Alerting of Loose Foreign Keys Deleted Records Processing
After identifying a recent problem with LFK Processing: #419119 (closed) We should add some alerting on LFK workers, to make sure they are working as expected, and catching up with the deleted records.
We have some Prometheus Metrics that we can use for this alerting: loose_foreign_key_updates, loose_foreign_key_deletions , loose_foreign_key_incremented_deleted_records, loose_foreign_key_rescheduled_deleted_records
Some ideas on events that we should alert on
- Number of partitions on the
loose_foreign_keys_deleted_recordsonmainorciis higher thanX. Probably 3 is a good number forX - Number of deletions/updates are high for long time. This refers to child records being updated or deleted.

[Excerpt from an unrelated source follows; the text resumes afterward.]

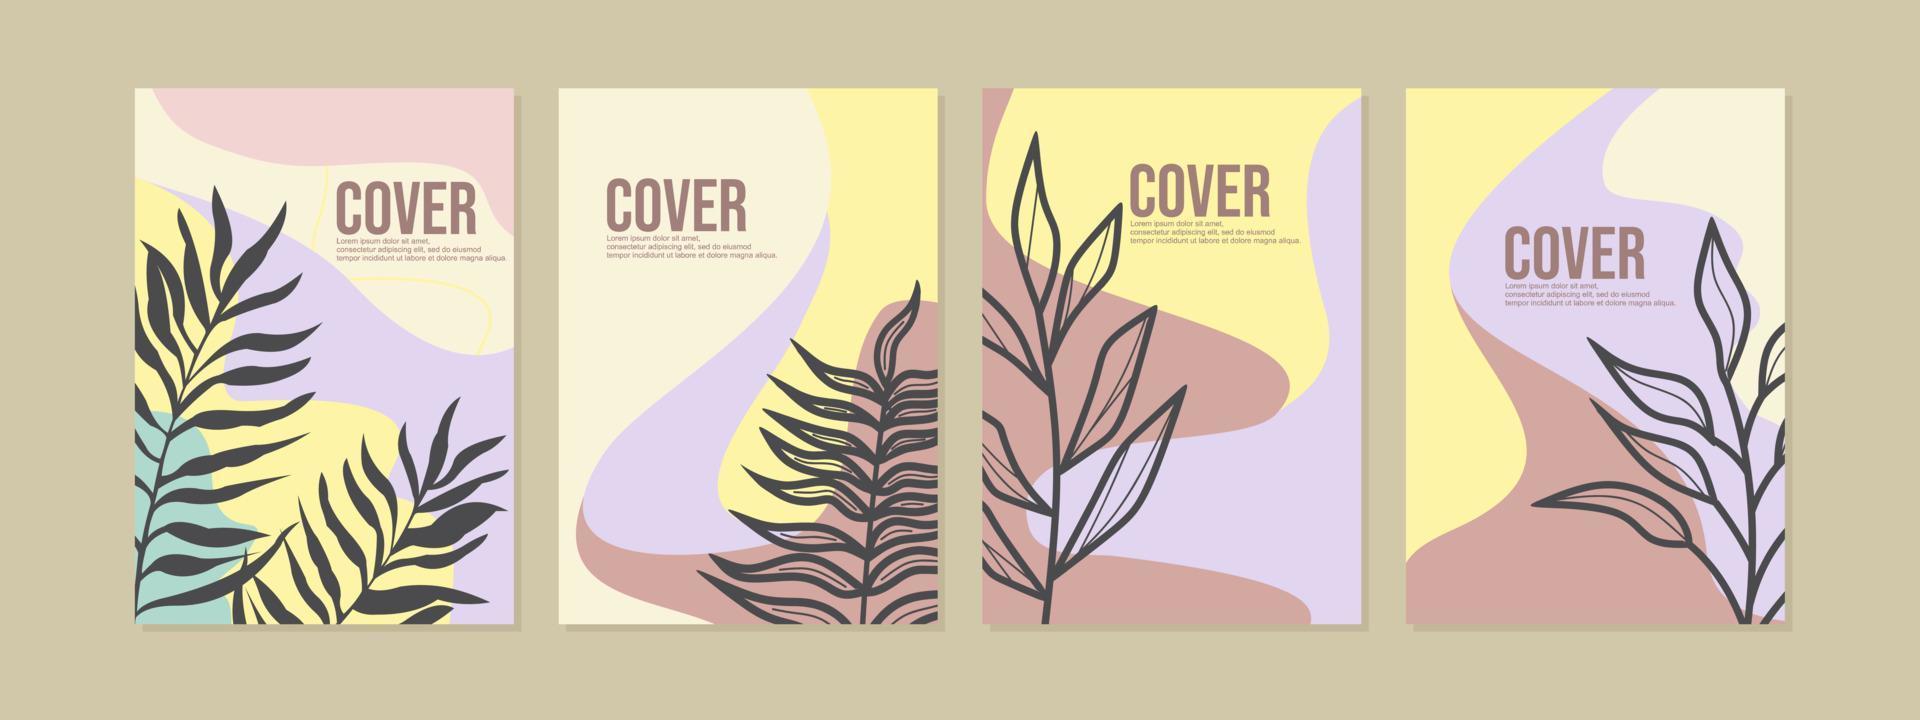 botanico stile moderno libro copertina design impostare. astratto sfondo con silhouette foglie.a4 copertina per taccuino, diario, catalogo, invito. vettore

- We hit the time/processed items limits for more than X days on 1 database ? This information might also not be available in the current metrics. Maybe we need to modify the https://gitlab.com/gitlab-org/gitlab/-/blob/master/app/services/loose_foreign_keys/batch_cleaner_service.rb to add this information.
- We have many pending records in the database > 0 for long time (more than X days) ? This information might not be available in current metrics. Maybe we need to modify the https://gitlab.com/gitlab-org/gitlab/-/blob/master/app/services/loose_foreign_keys/batch_cleaner_service.rb to add this information.
The Goal
The goal at the end is to make sure that we don't have a big number of pending records in the loose_foreign_key_deleted_records table with status = 1. If we reach this state, we should be alerted to look into what's wrong. At the time of writing this issue, we had 29M pending records on the CI database
An example of a similar alerting MR related to another topic (Consistency Checking): gitlab-com/runbooks!5646 (merged)